### [What is needed]
Set down the material exactly, keeping every line whole.

### [Given data]
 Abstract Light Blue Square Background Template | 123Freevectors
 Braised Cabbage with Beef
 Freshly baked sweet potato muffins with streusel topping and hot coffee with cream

### [Answer box]
 Abstract Light Blue Square Background Template | 123Freevectors
 Braised Cabbage with Beef
 Freshly baked sweet potato muffins with streusel topping and hot coffee with cream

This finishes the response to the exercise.